#### [TASK]
For the listing below, return the line containing "Luxurious A-Line Sweetheart", the line containing "Lever systems represented", and all lines in between, exactly as written and nothing else.

#### [EXCERPTED RECORDS]
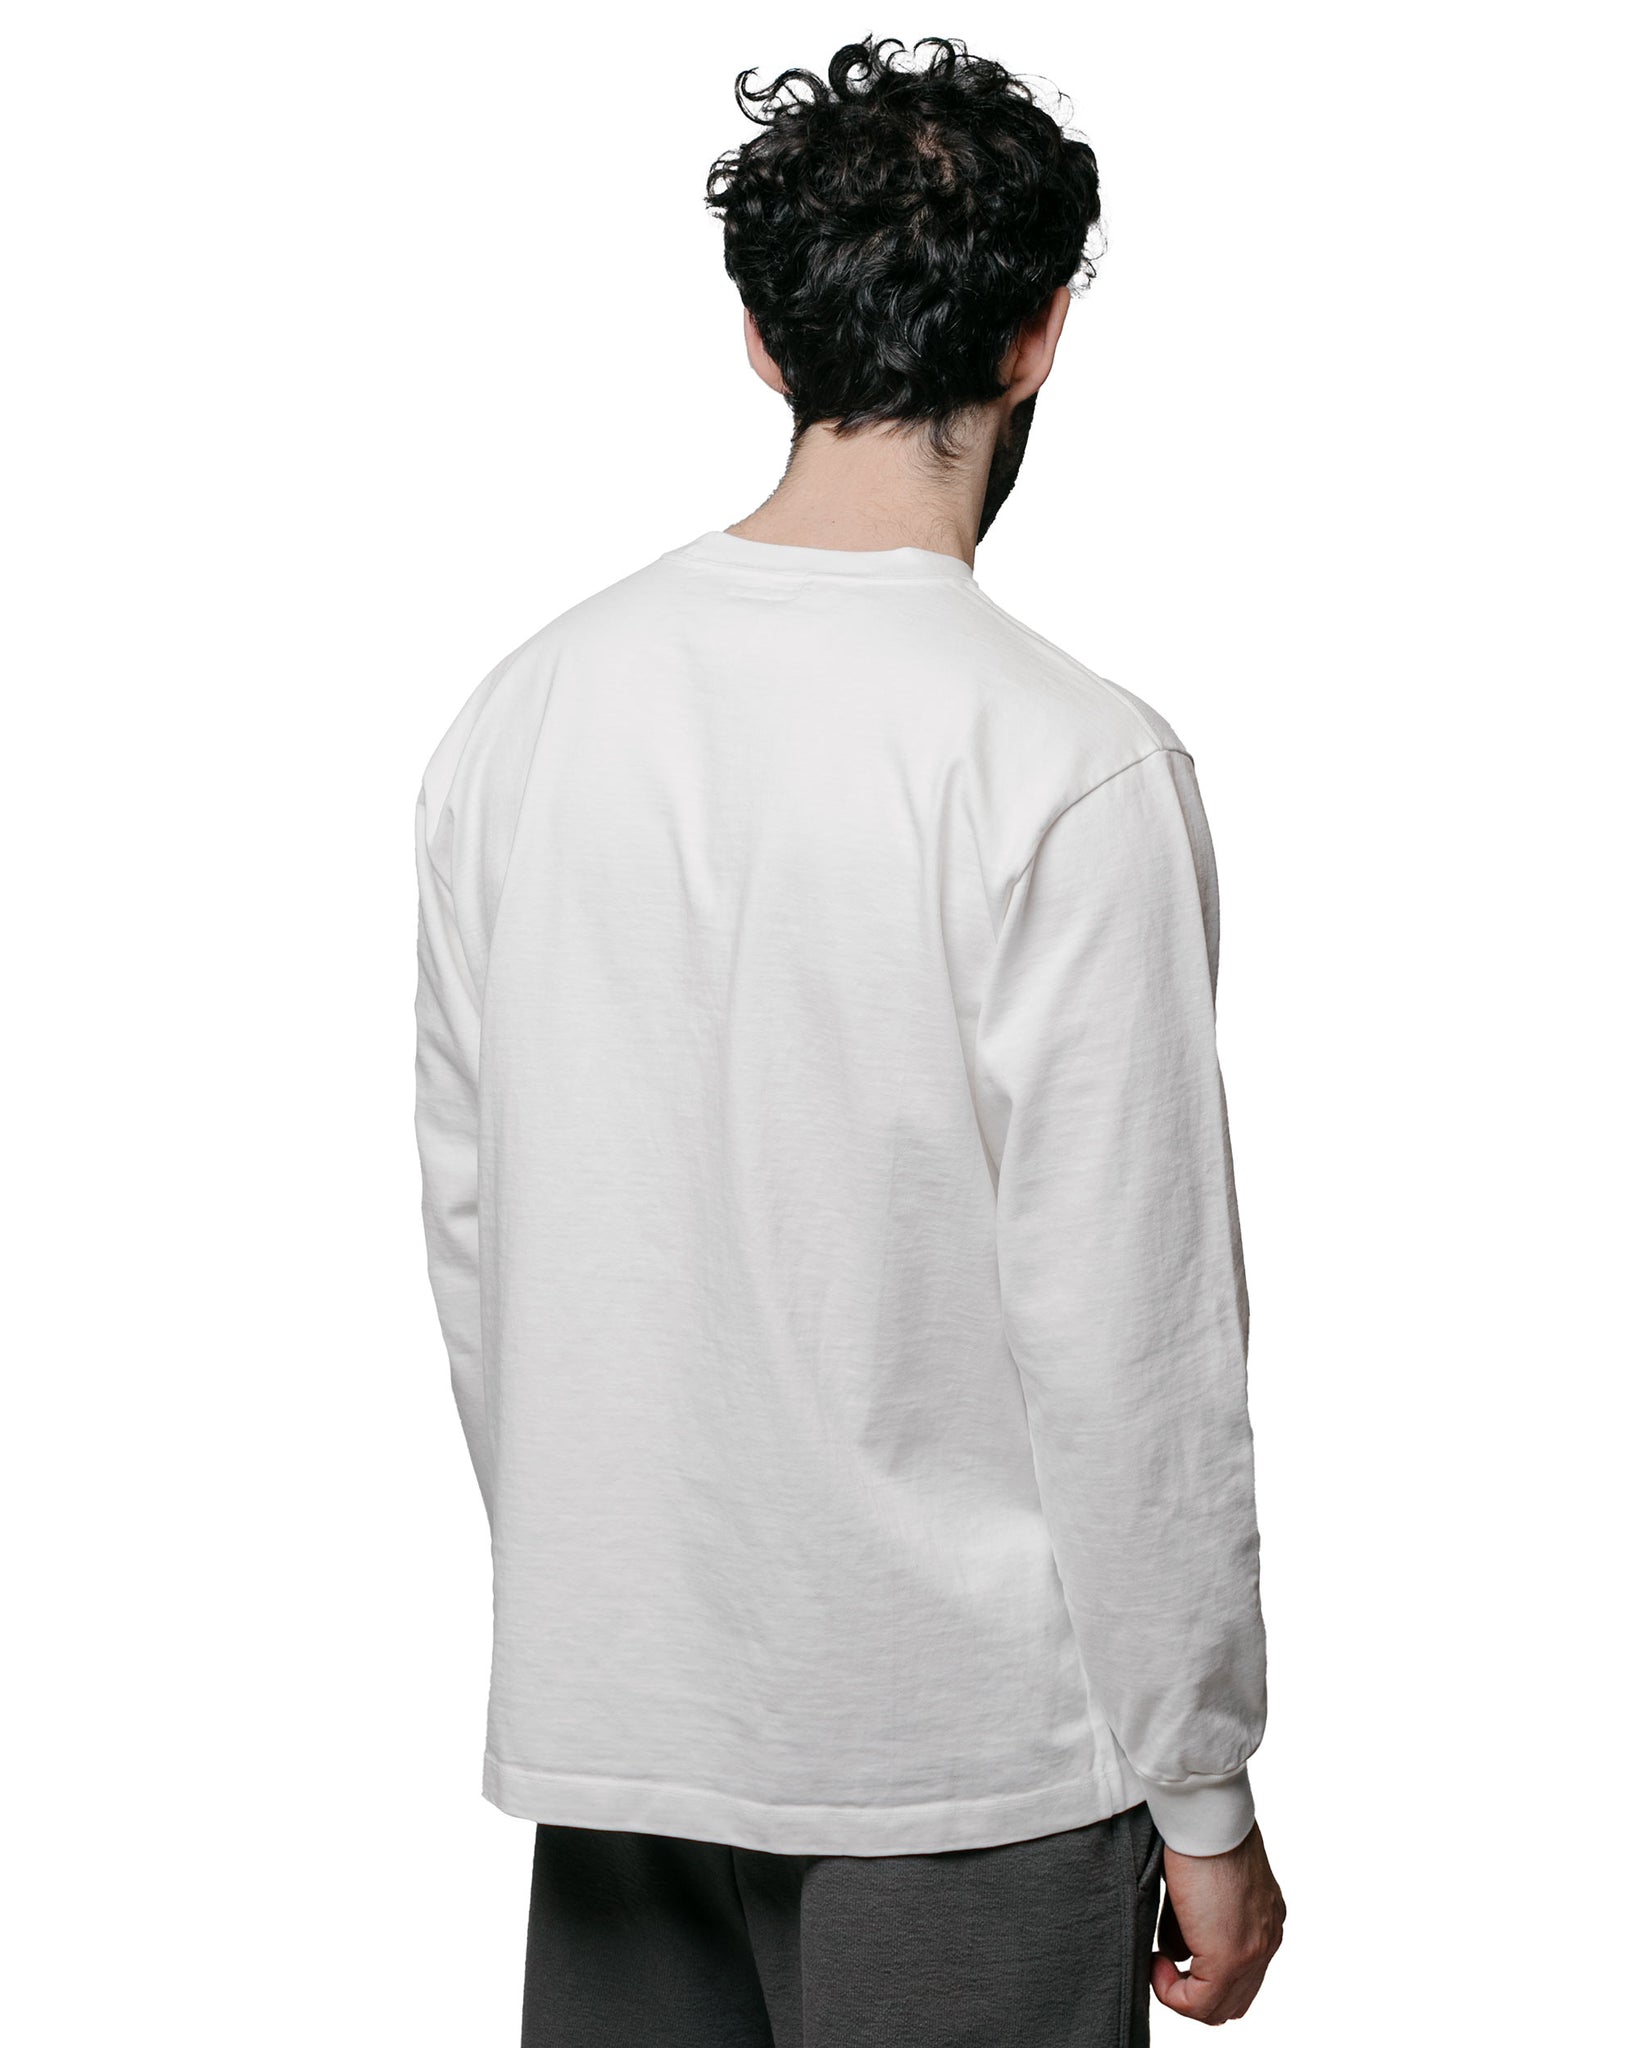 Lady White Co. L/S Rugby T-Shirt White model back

---

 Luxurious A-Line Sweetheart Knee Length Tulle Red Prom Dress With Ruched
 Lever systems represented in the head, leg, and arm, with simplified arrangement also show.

#### [RESULT OF THE TASK]
 Luxurious A-Line Sweetheart Knee Length Tulle Red Prom Dress With Ruched
 Lever systems represented in the head, leg, and arm, with simplified arrangement also show.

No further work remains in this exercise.